What to work on:
Only an exact repeat of the listing, without its images, counts as the answer.

Data block:
▼

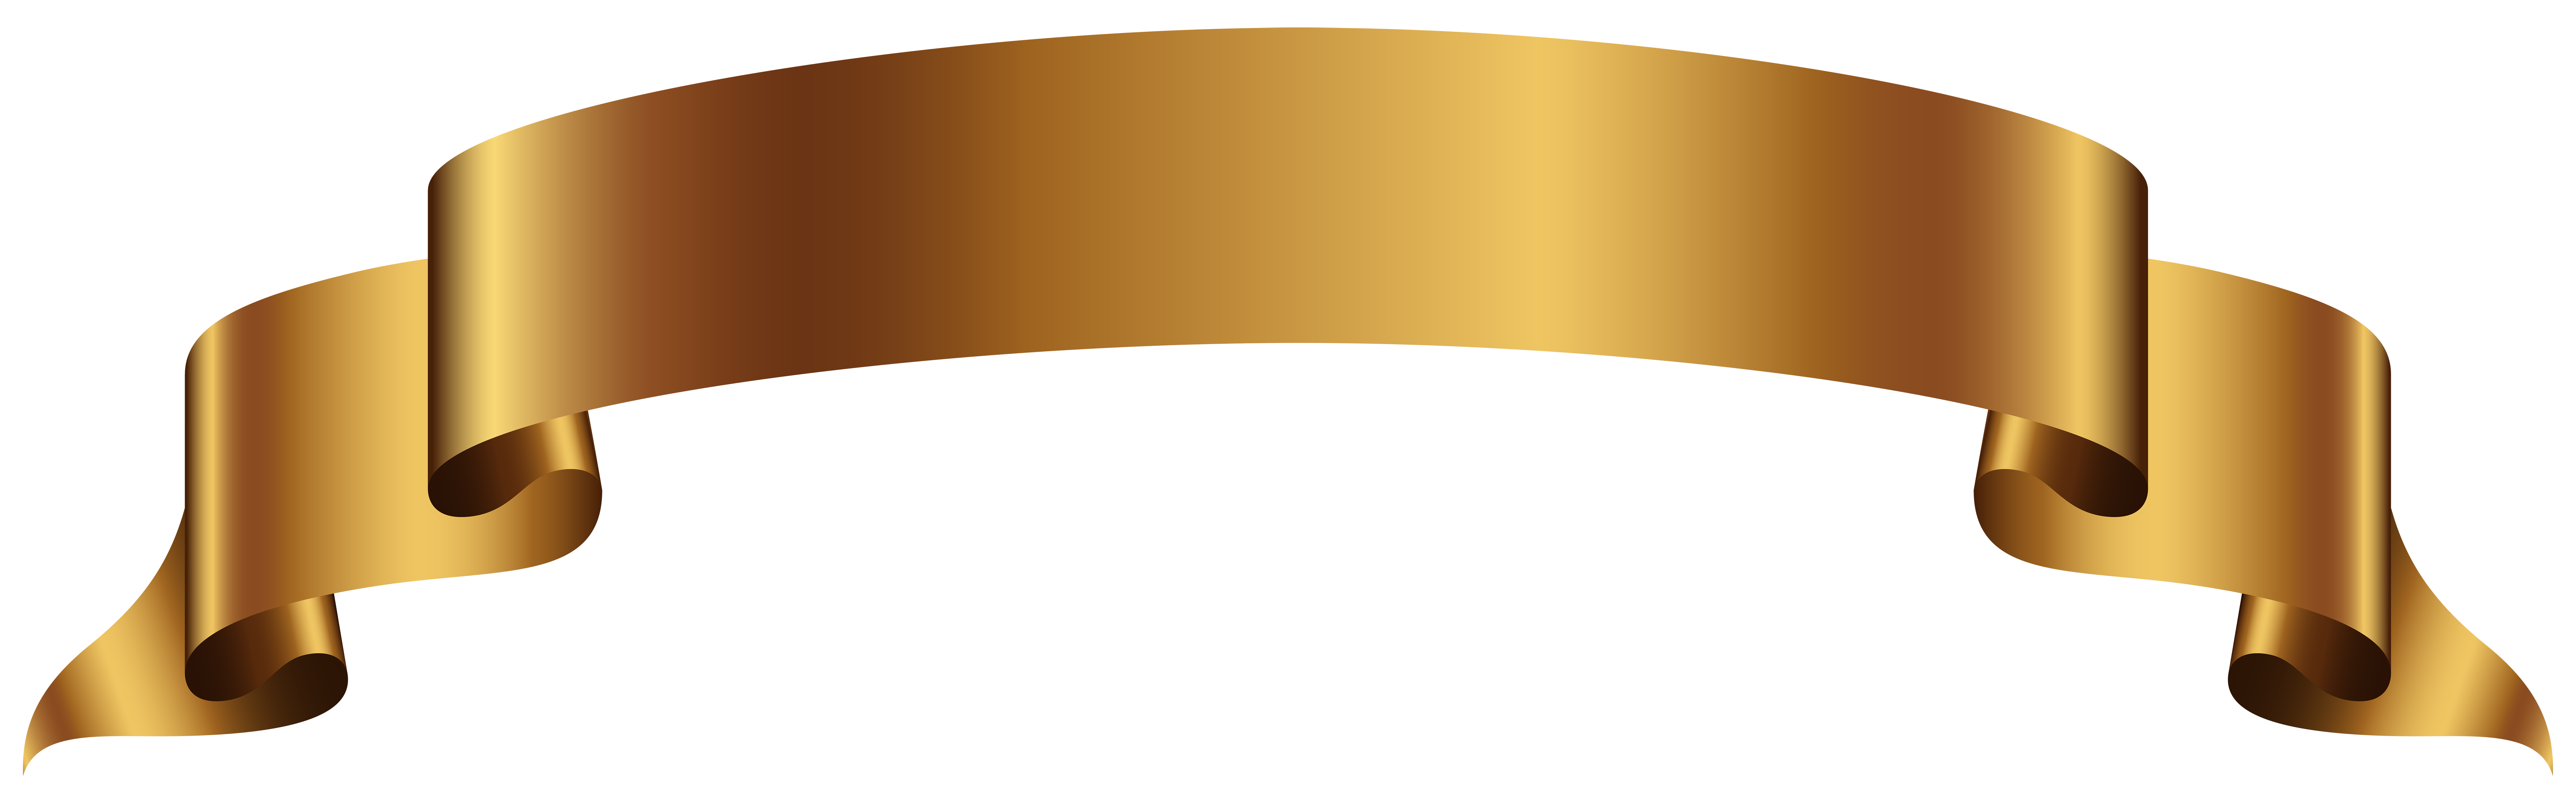 Gold Banner Transparent PNG Clip Art Image 
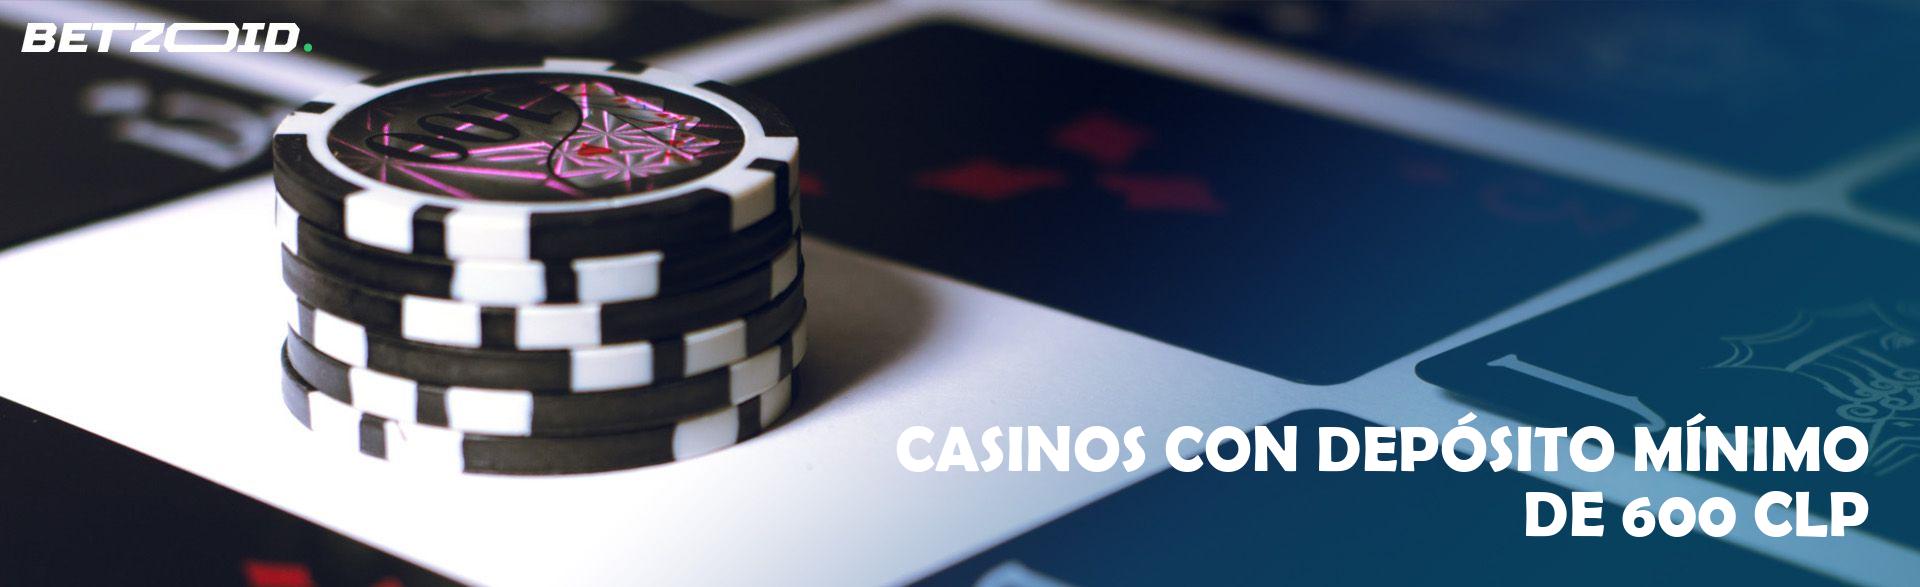 Casinos con Depósito Mínimo de 600 CLP.
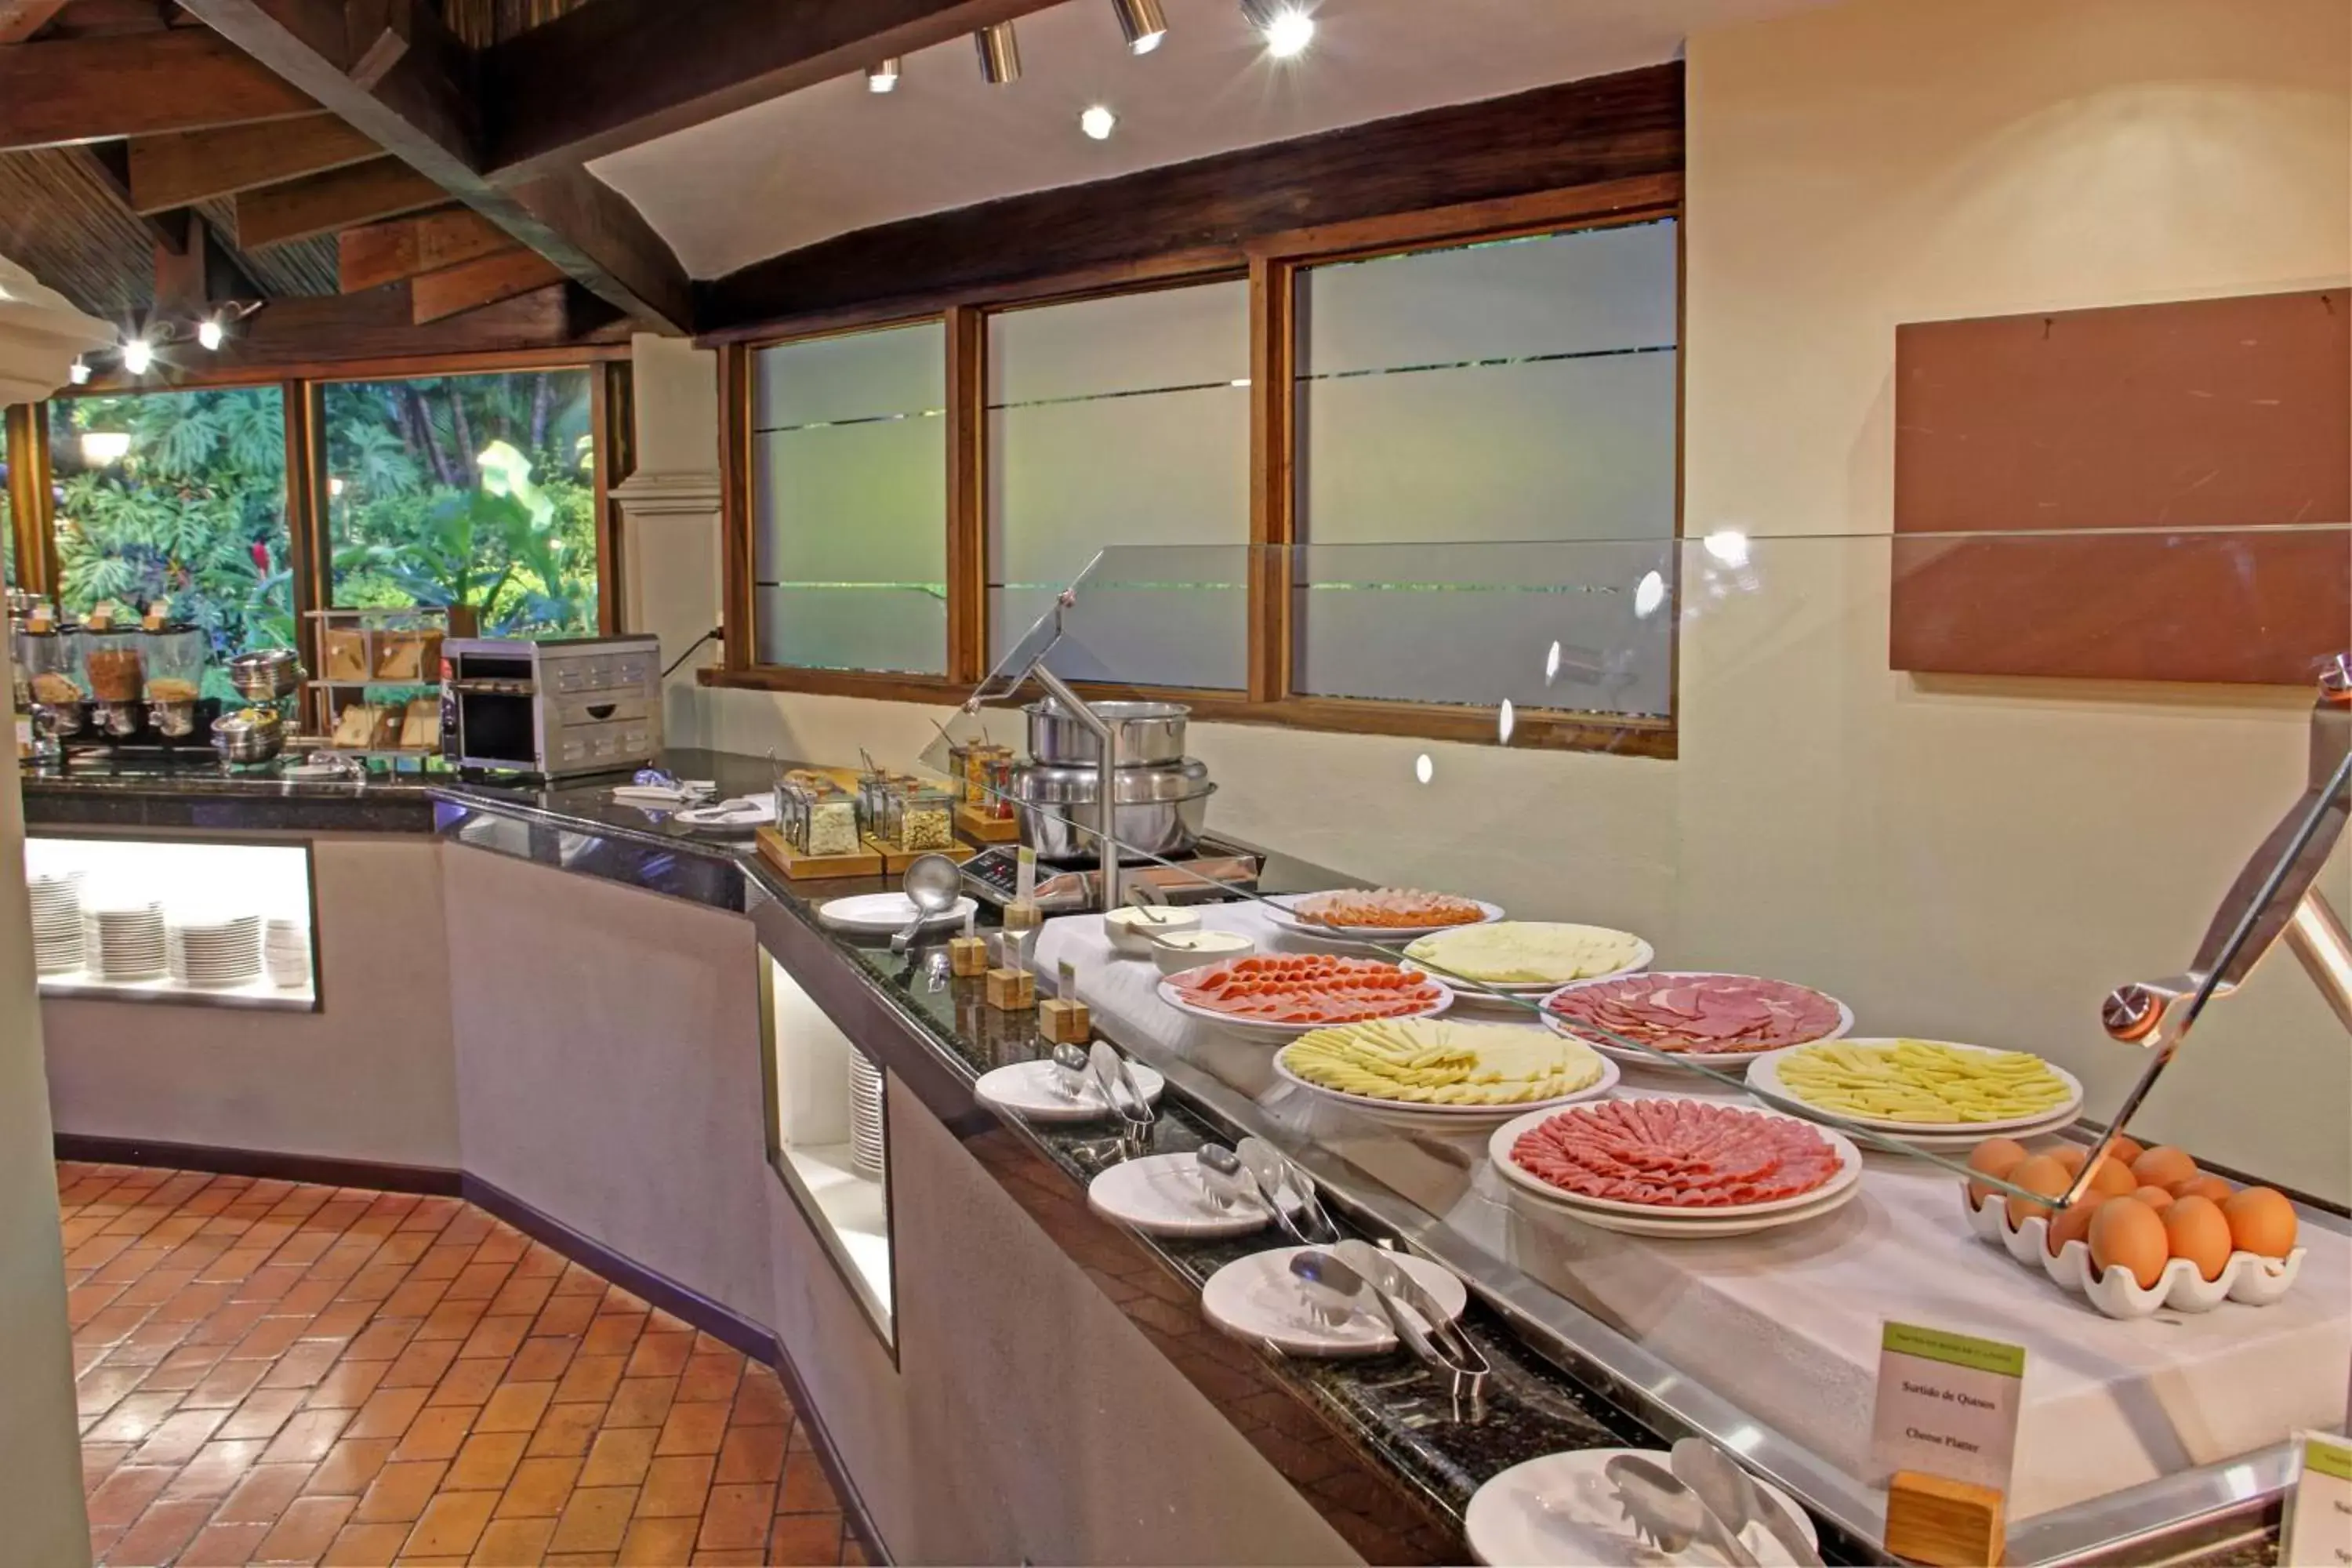 Breakfast in Hilton Cariari DoubleTree San Jose - Costa Rica

▲

Finished task:
 Gold Banner Transparent PNG Clip Art Image 
 Casinos con Depósito Mínimo de 600 CLP.
 Breakfast in Hilton Cariari DoubleTree San Jose - Costa Rica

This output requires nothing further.